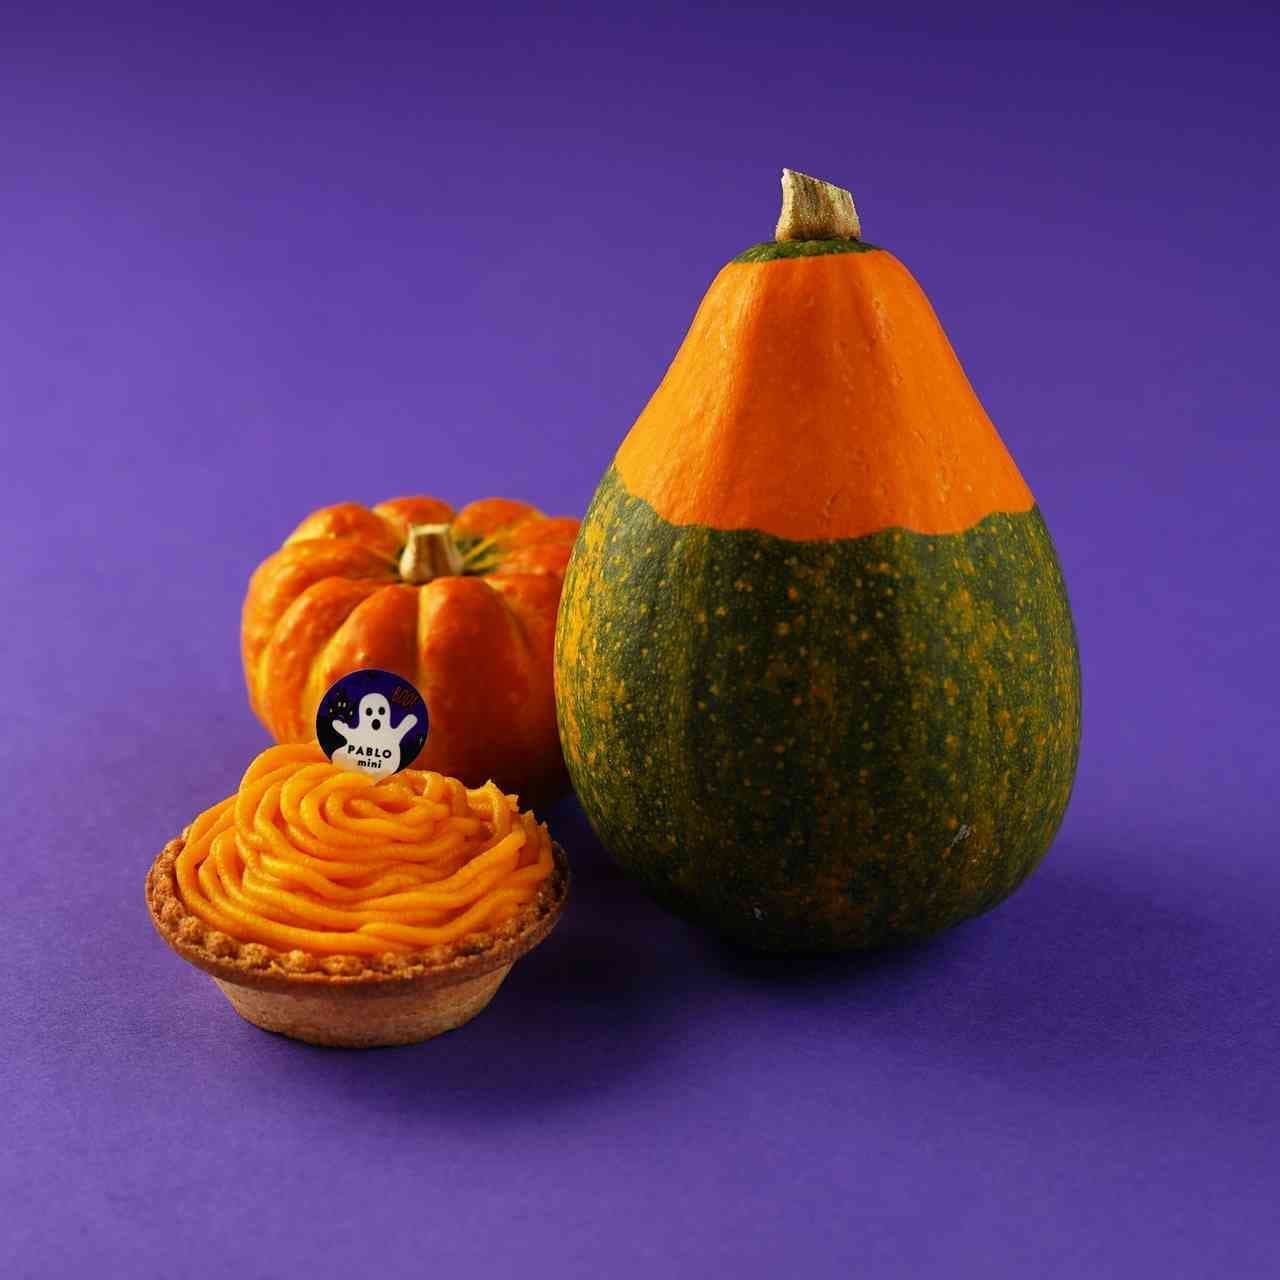 Pablo "PABLO mini - Halloween Pumpkin
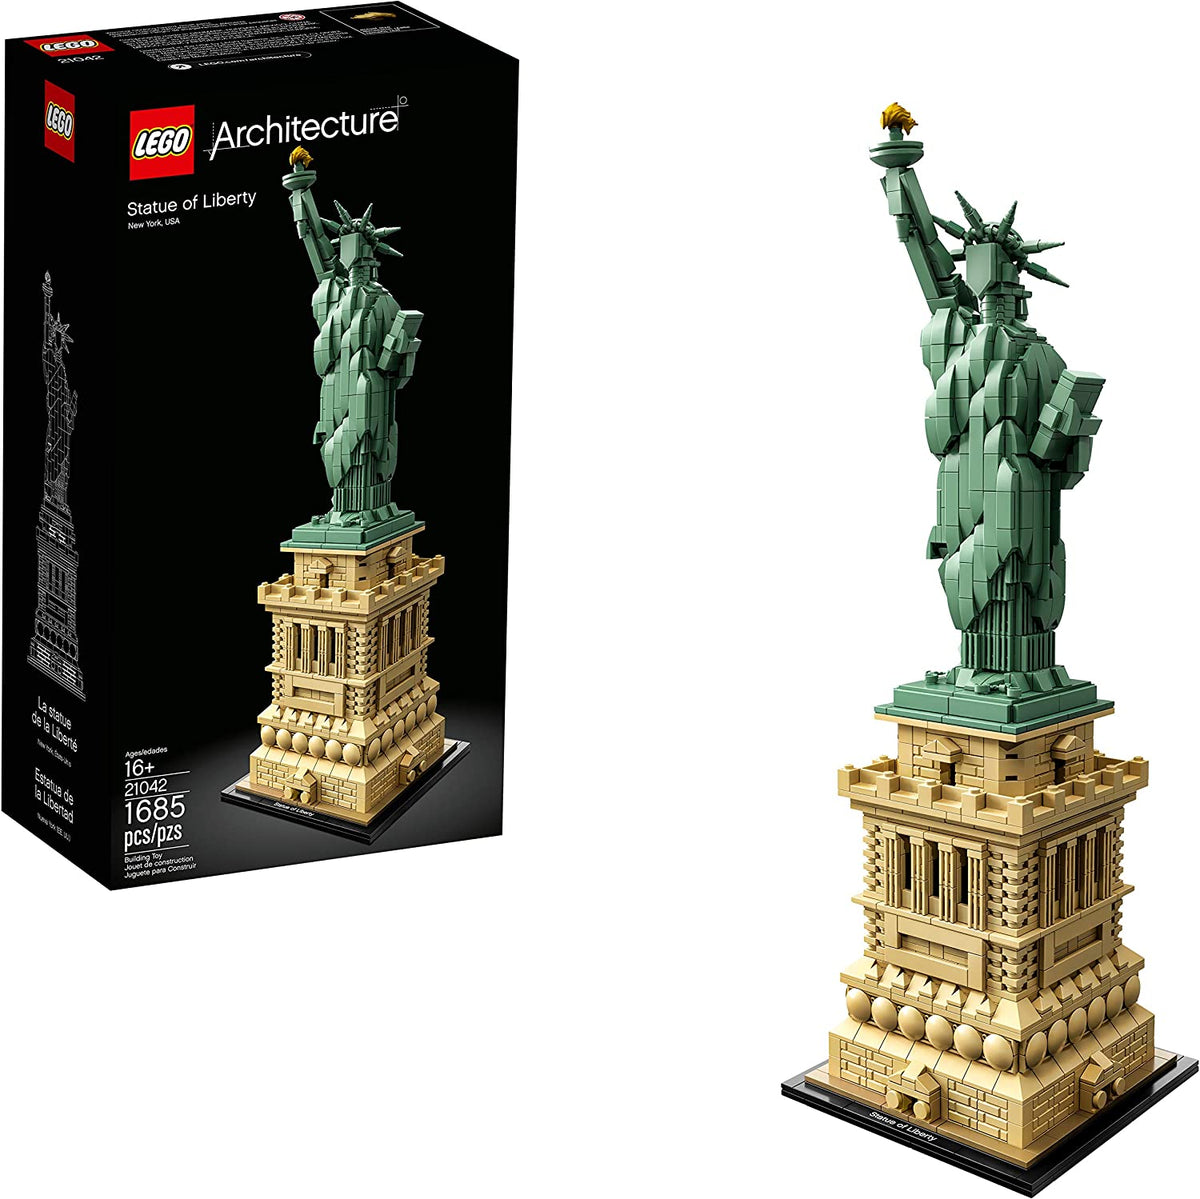 ARCHITECTURE 21042: Statue of Liberty
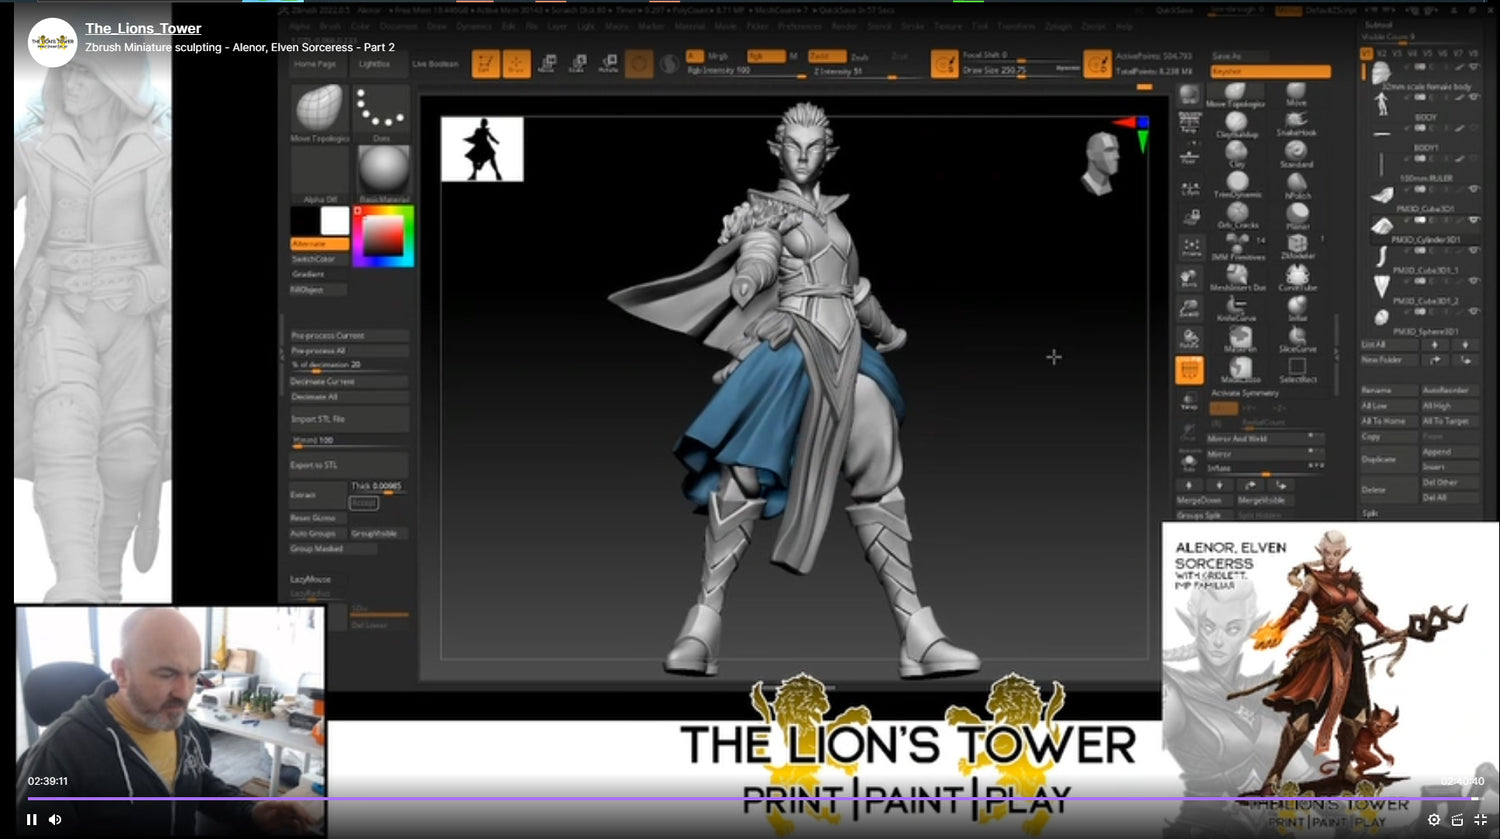 A screen grab of Dan sculpting Alenor the Elven Sorceress live on Twitch
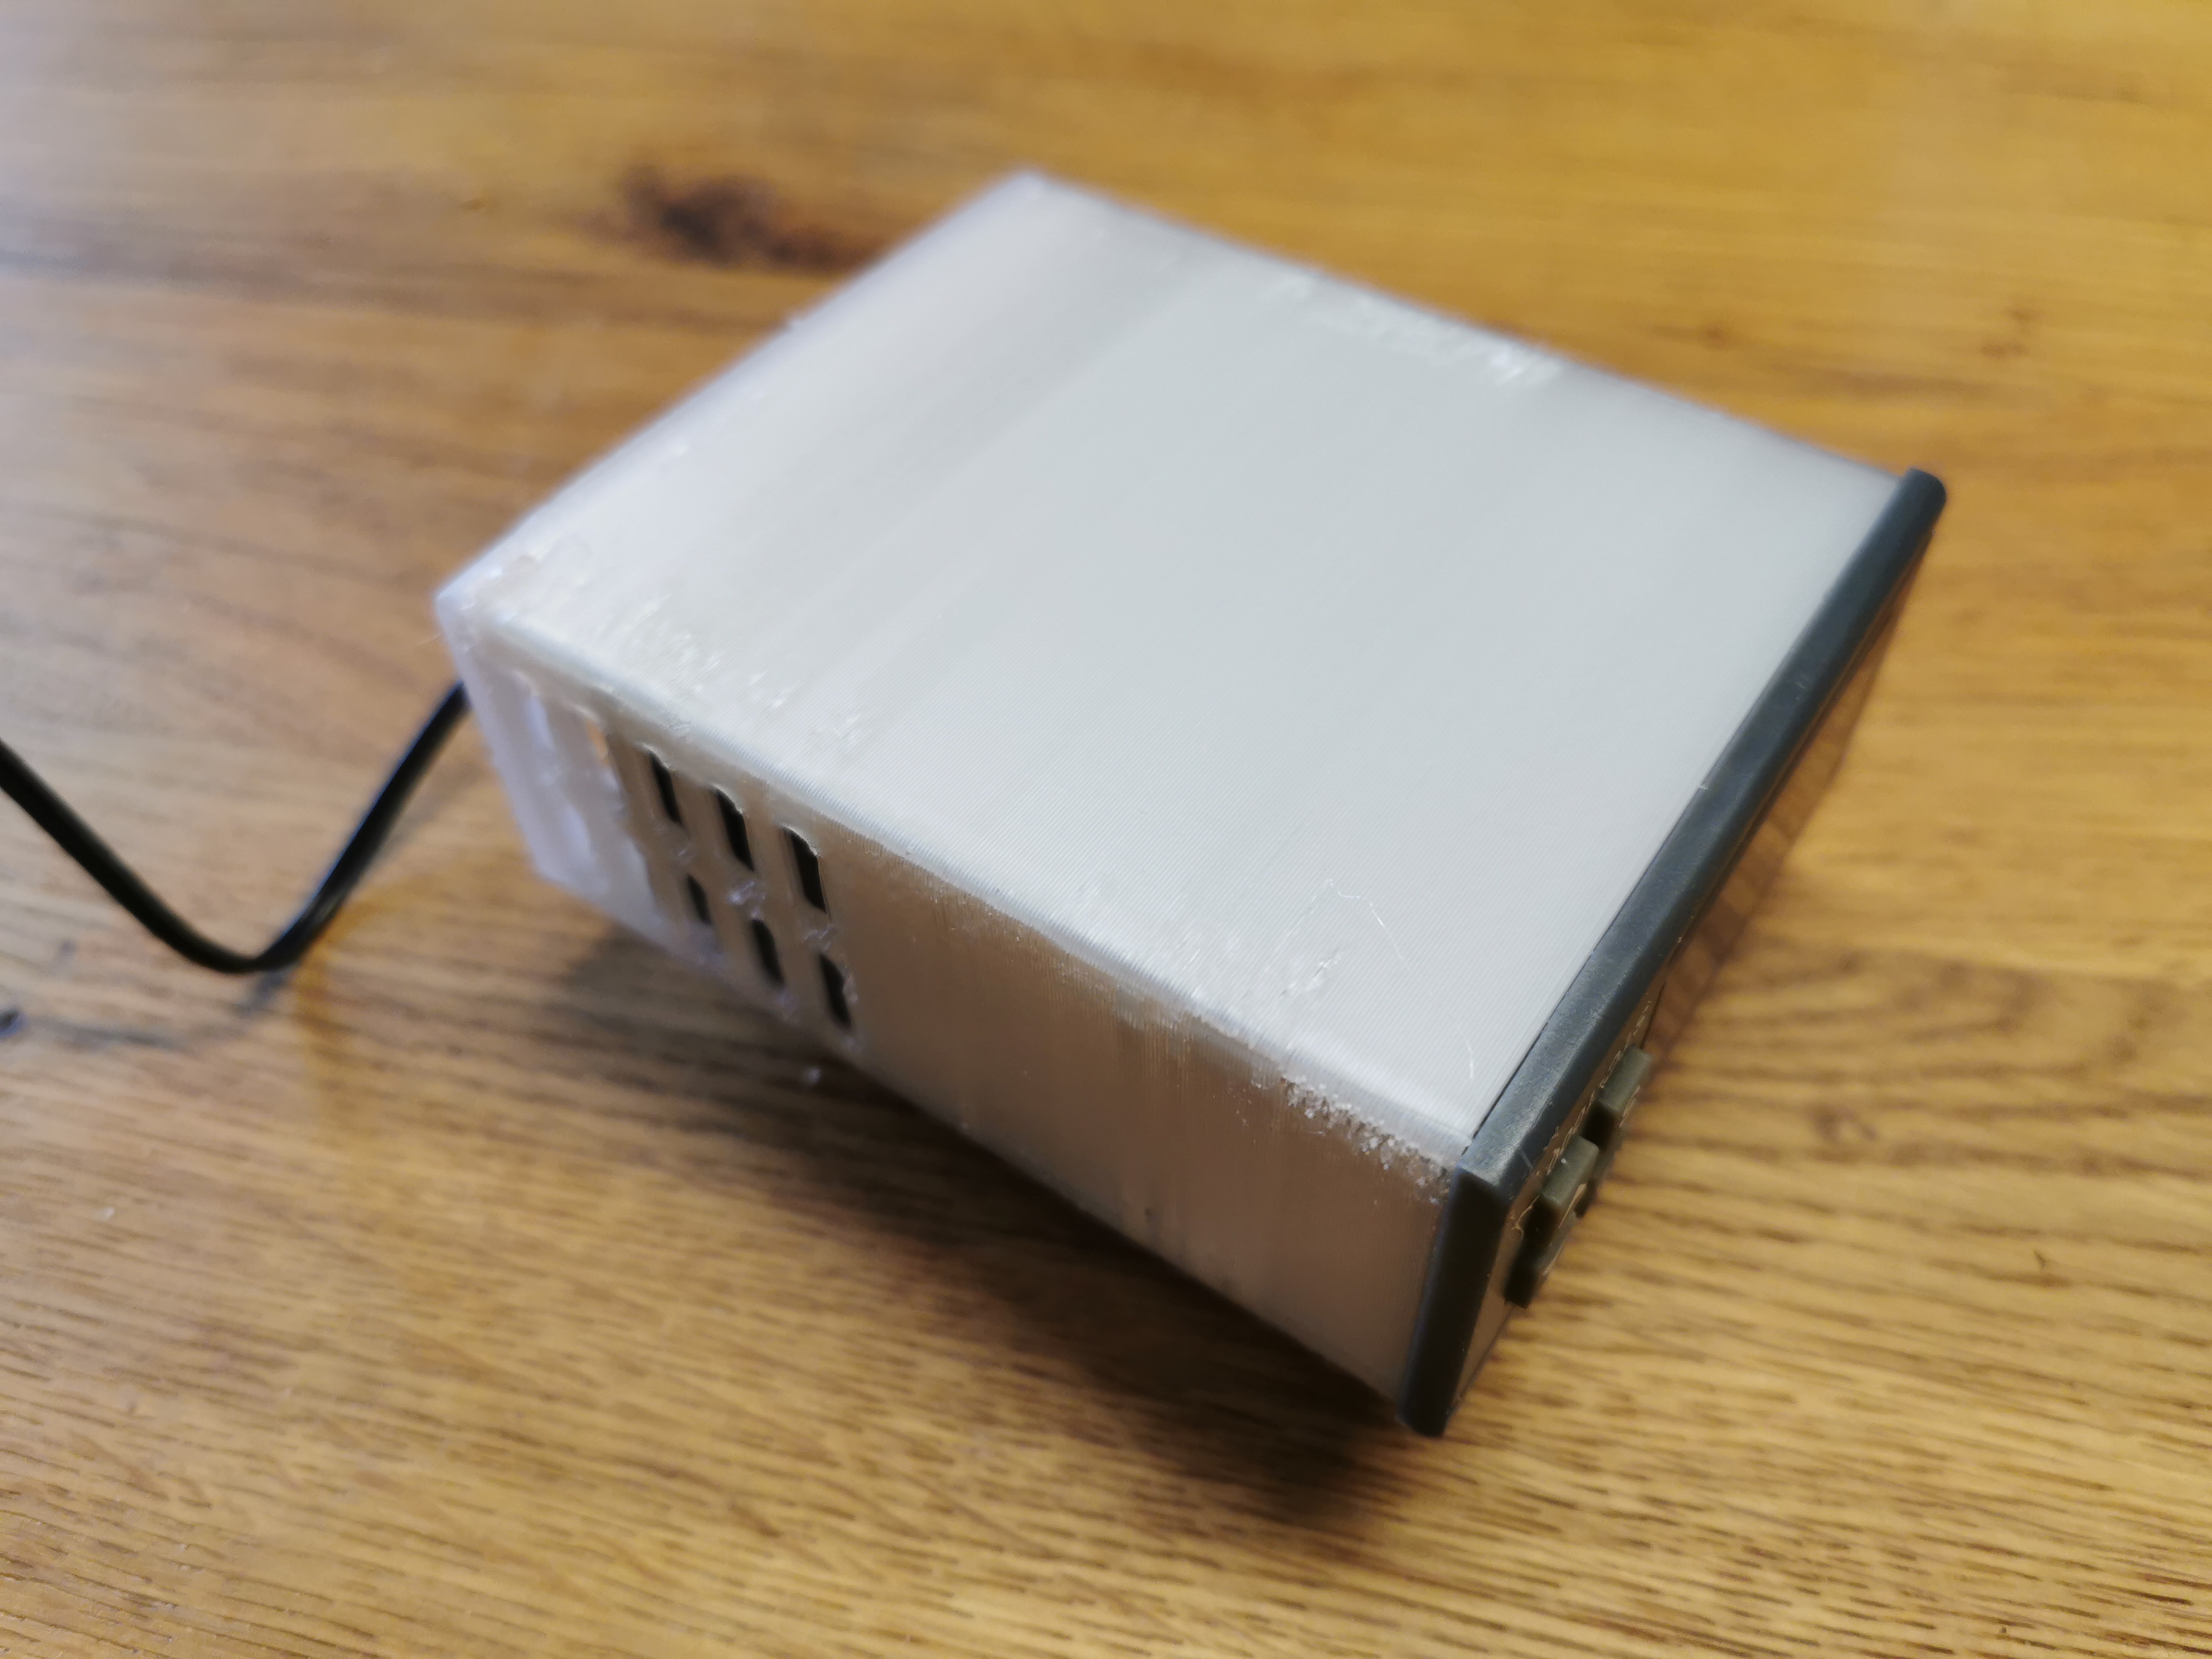 Box for a STC-1000 temperature controller

__Task brief__. Each line from the one containing "A screen grab" through the last line of the listing is to be given again exactly, with no pictures and no other lines.

__Solution to this exercise__.
 A screen grab of Dan sculpting Alenor the Elven Sorceress live on Twitch
 Box for a STC-1000 temperature controller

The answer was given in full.